ABOUT THIS TASK
Look in the listing below for the line that has "Great Easy Meals: 250", then return it and each following line up to and including the one with "Ladies and gents", exactly and without pictures.

EXERCISE INPUTS
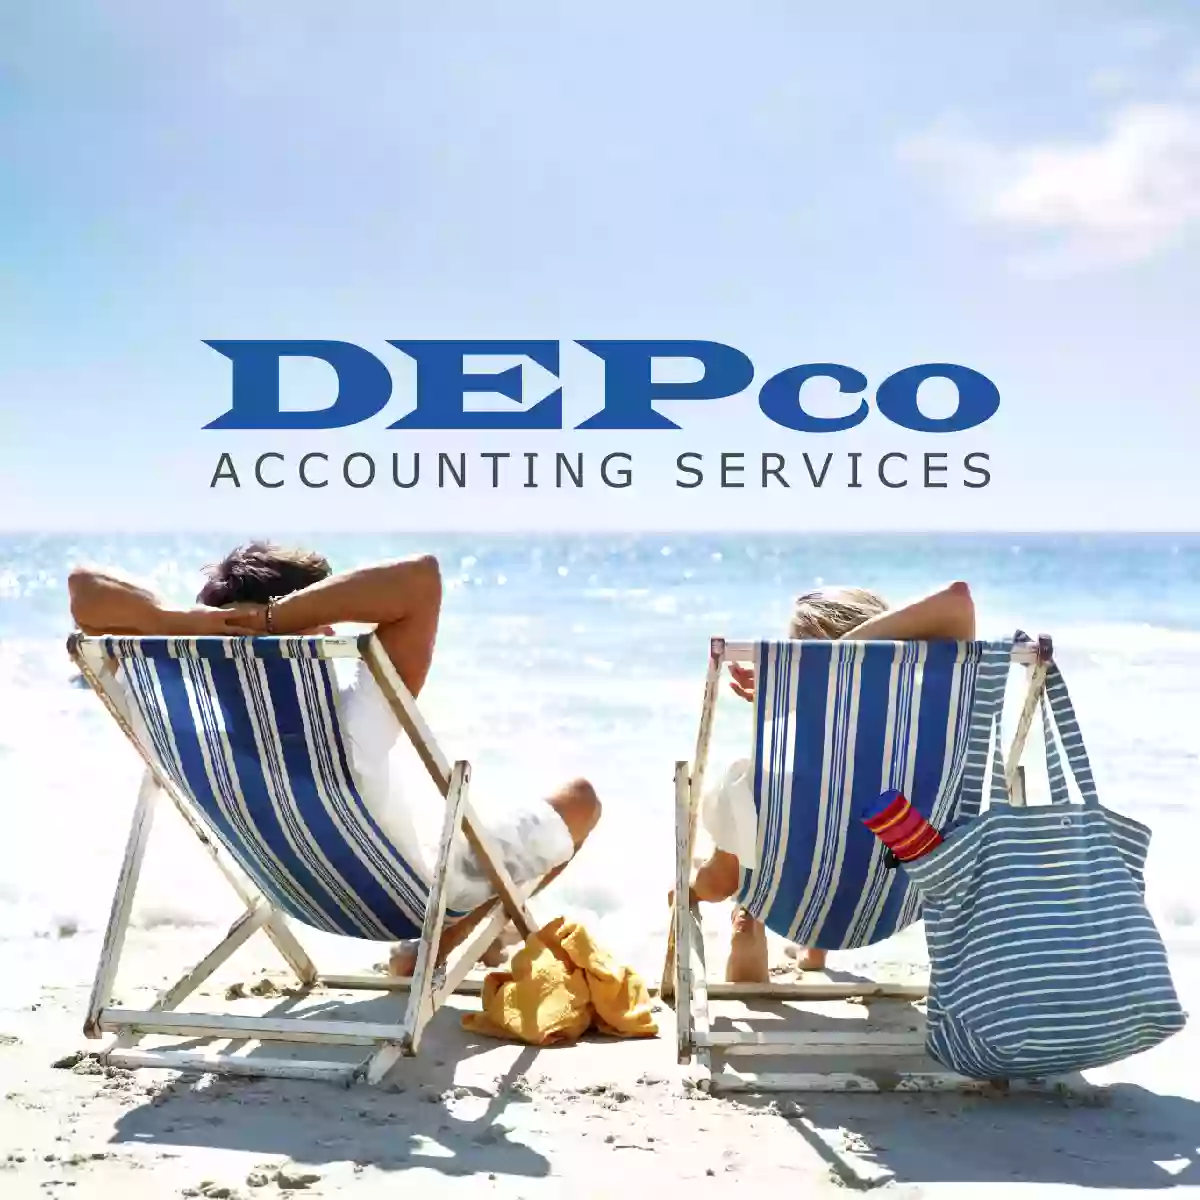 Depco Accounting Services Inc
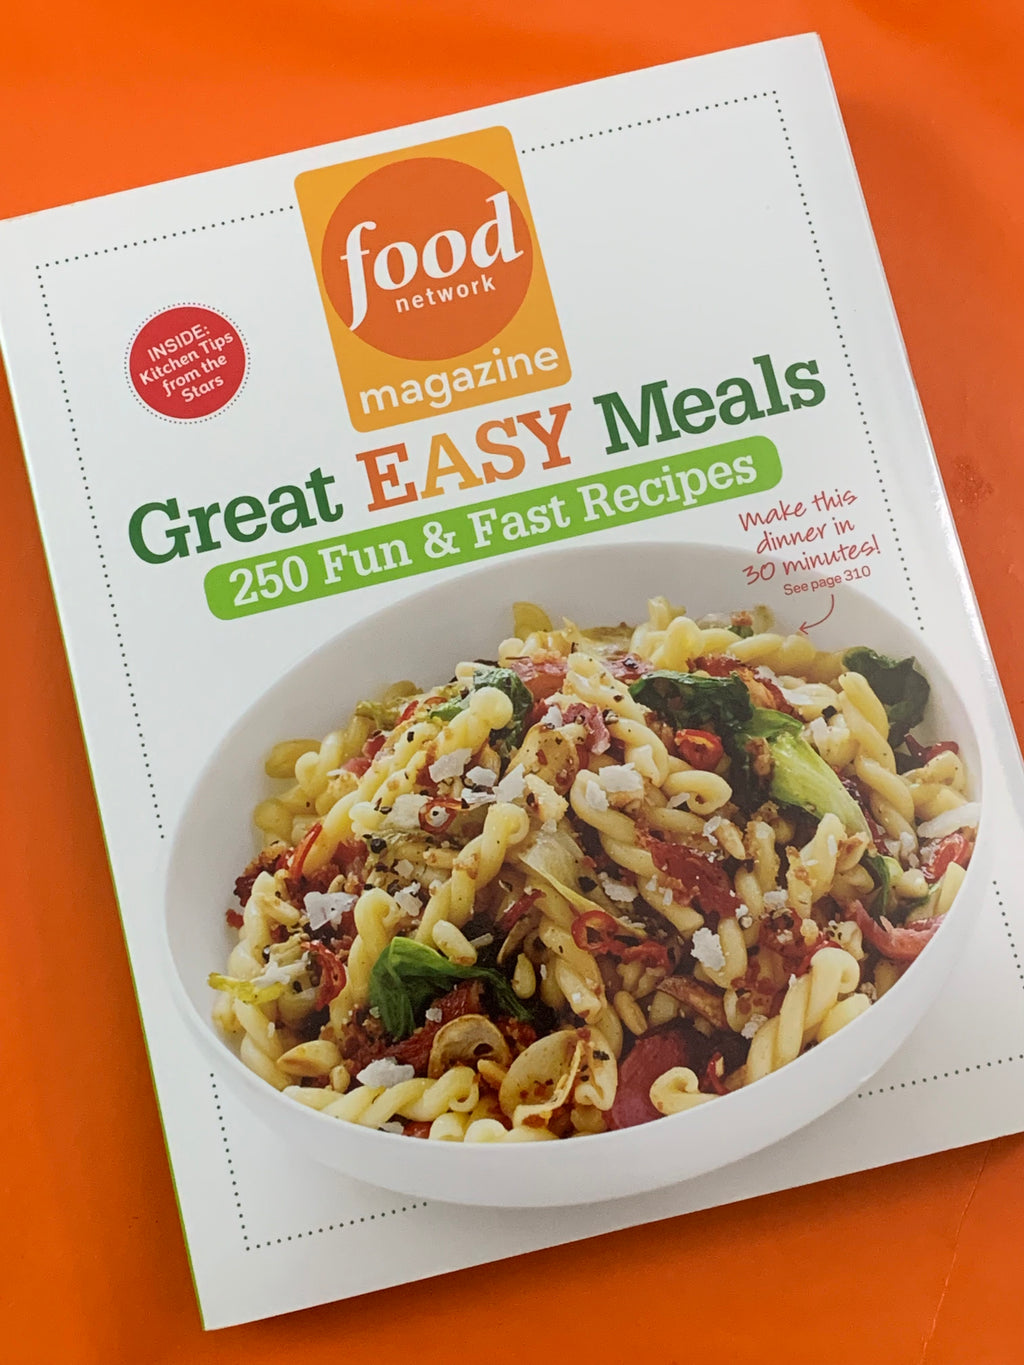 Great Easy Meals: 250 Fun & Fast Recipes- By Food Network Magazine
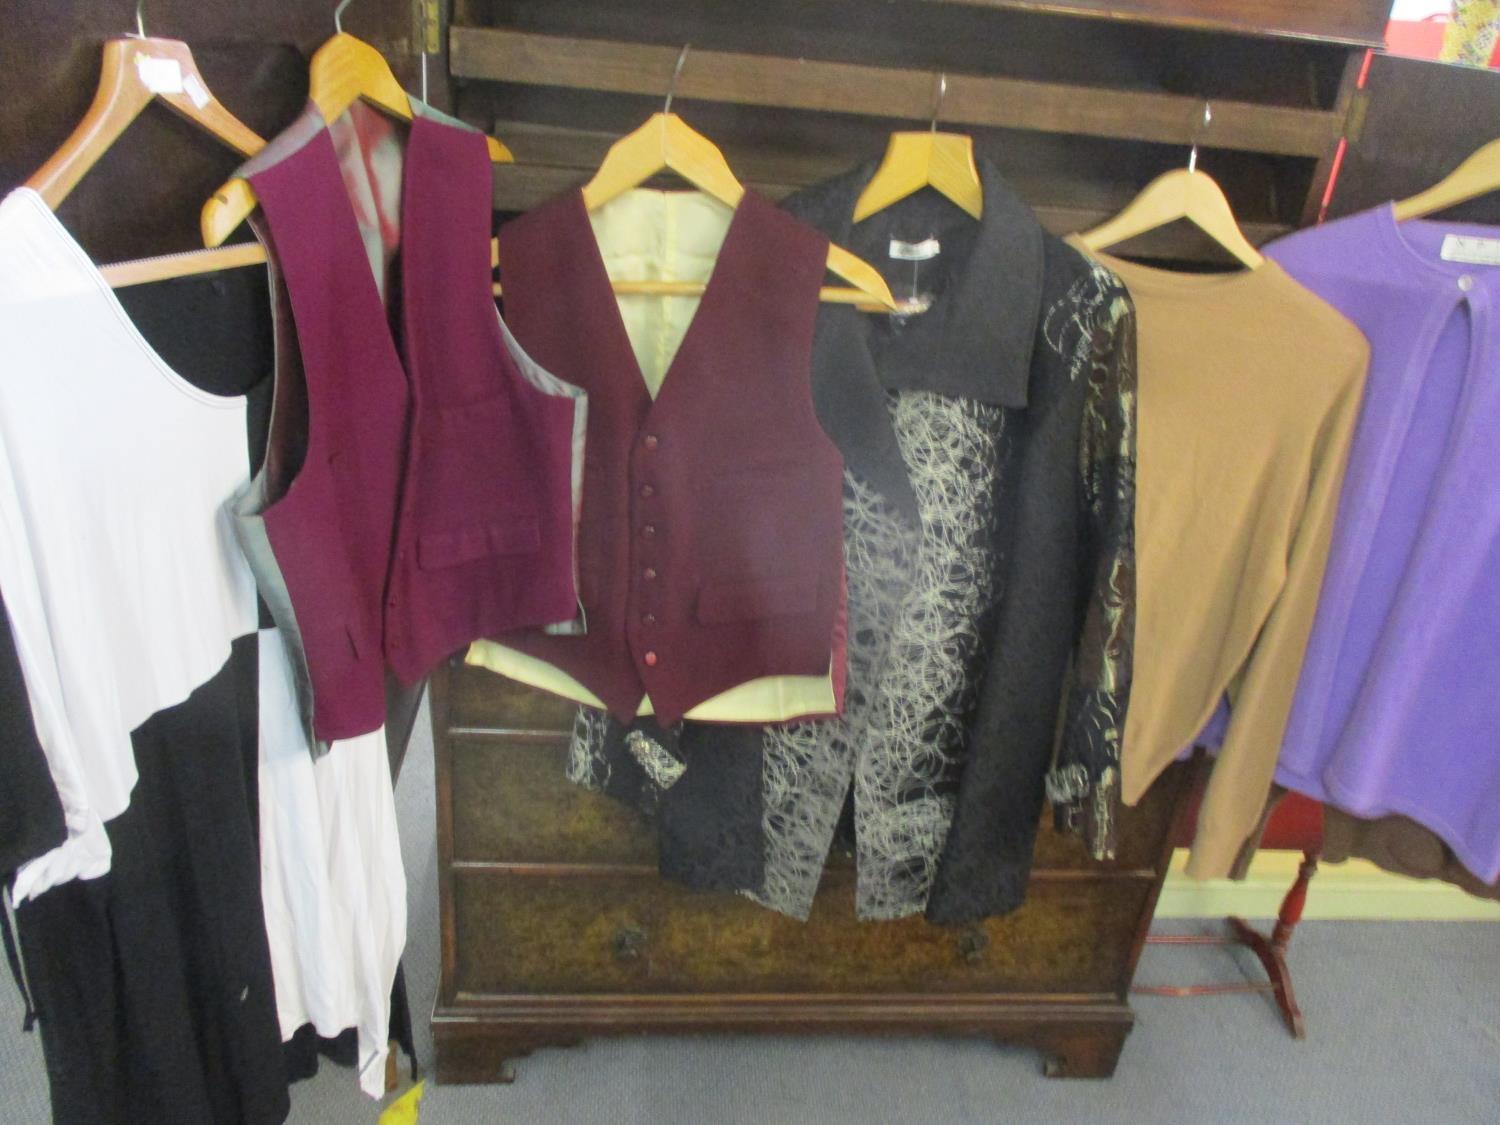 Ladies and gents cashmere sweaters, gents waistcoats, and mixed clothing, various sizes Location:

---

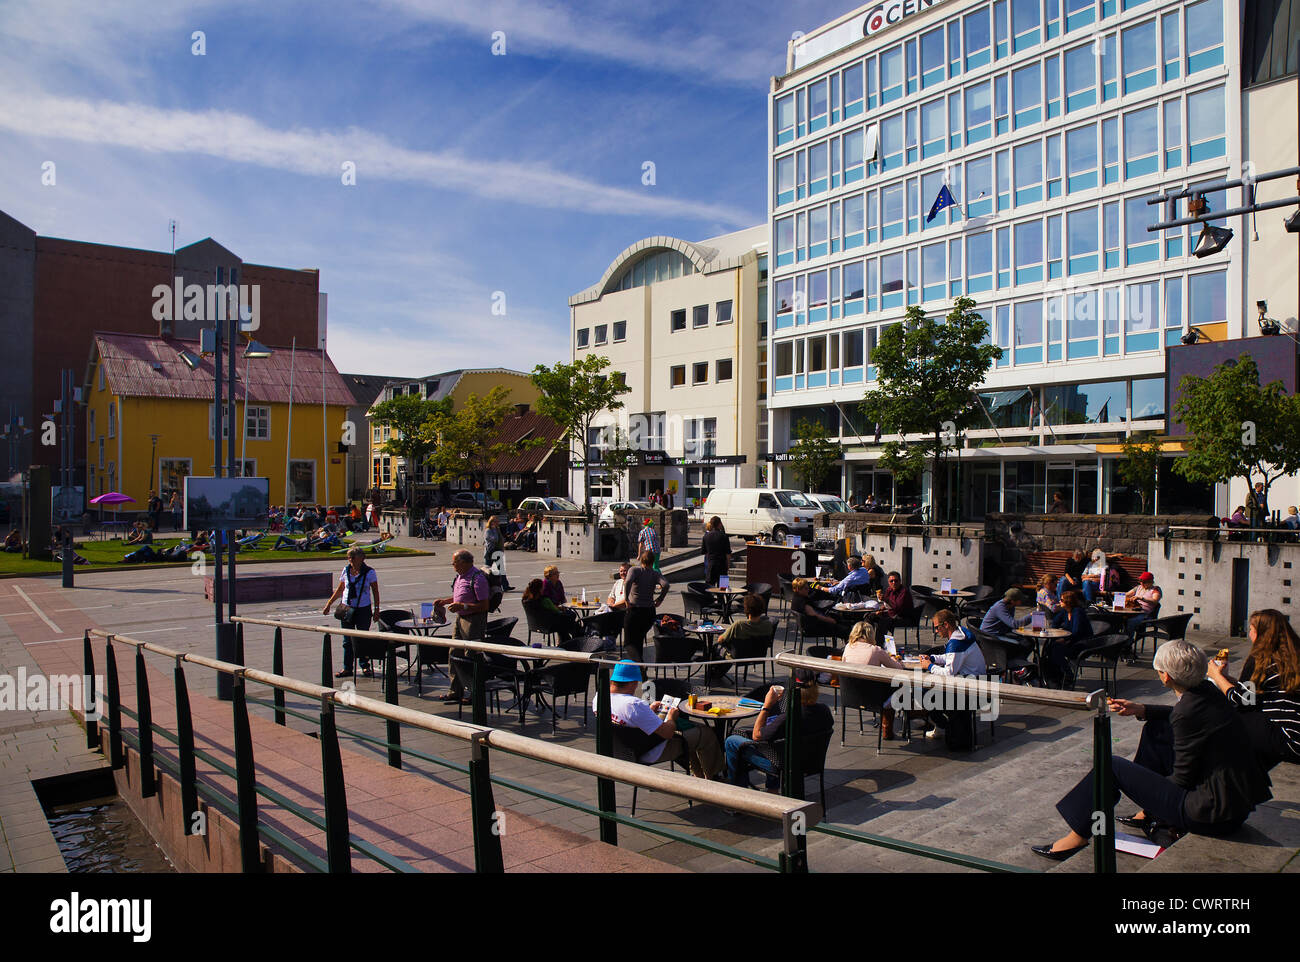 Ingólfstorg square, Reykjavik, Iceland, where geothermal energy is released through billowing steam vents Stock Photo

TASK ANSWER
 Great Easy Meals: 250 Fun & Fast Recipes- By Food Network Magazine
 Ladies and gents cashmere sweaters, gents waistcoats, and mixed clothing, various sizes Location:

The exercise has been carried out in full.